Datacamp coding challenge: Cosmetic Brand Analysis

Cosmetics Brand Analysis

The cosmetics industry is a 50 billion-dollar-a-year business in the US alone. Cosmetics sales are even used as an indicator for economic recessions (i.e., the “lipstick index”).

You are working for a cosmetics start-up that plans to launch a new line of organic products. The launch will focus on the following cosmetics categories: fragrances, makeup, and skincare. Your task is to find the average prices for four competitor brands across these three categories.

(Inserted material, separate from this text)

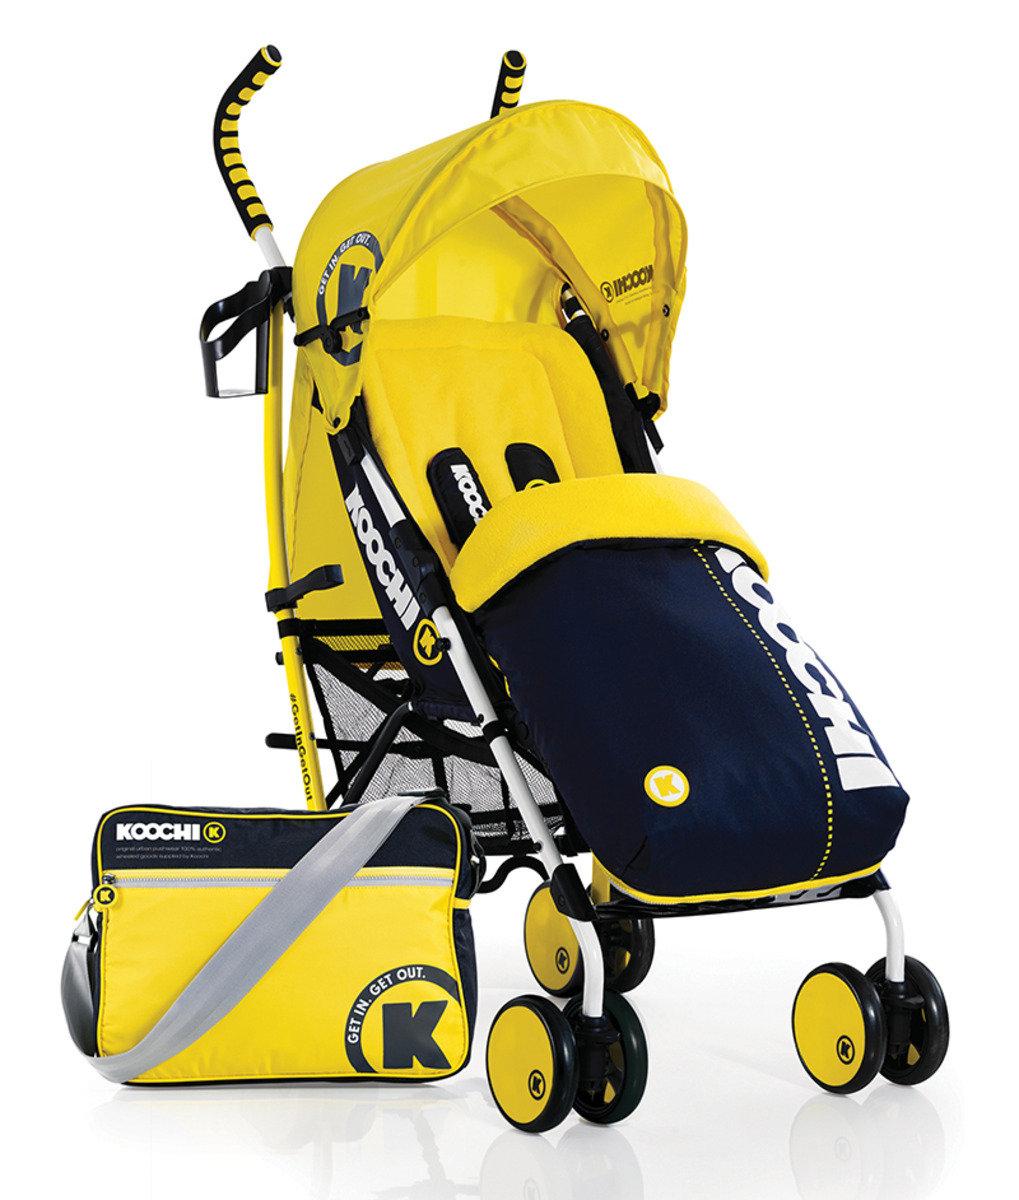 英國 Koochi Speedstar 嬰兒手推車 - Primary Yellow

You will be using data collected from Sephora’s global store in your analysis. However, there are some additional requirements before you can present the results:

The data available is unprocessed as received from Sephora. The start-up requests the categories as follows:

New category	Existing categories to reclassify
Fragrance	Perfume, Cologne
Makeup	Eye Palettes, Lipstick, Highlighter, Foundation, Mascara, Eyeliner, Makeup, Eyeshadow
Skincare	Moisturizers, Face Serums, Face Wash & Cleansers, Face Masks, Face Primer, Body Lotions & Body Oils, Lotions & Oils

Currently, it is unclear who the primary competitors are. Find the top four brands by the combined number of fragrance, makeup, and skincare products produced.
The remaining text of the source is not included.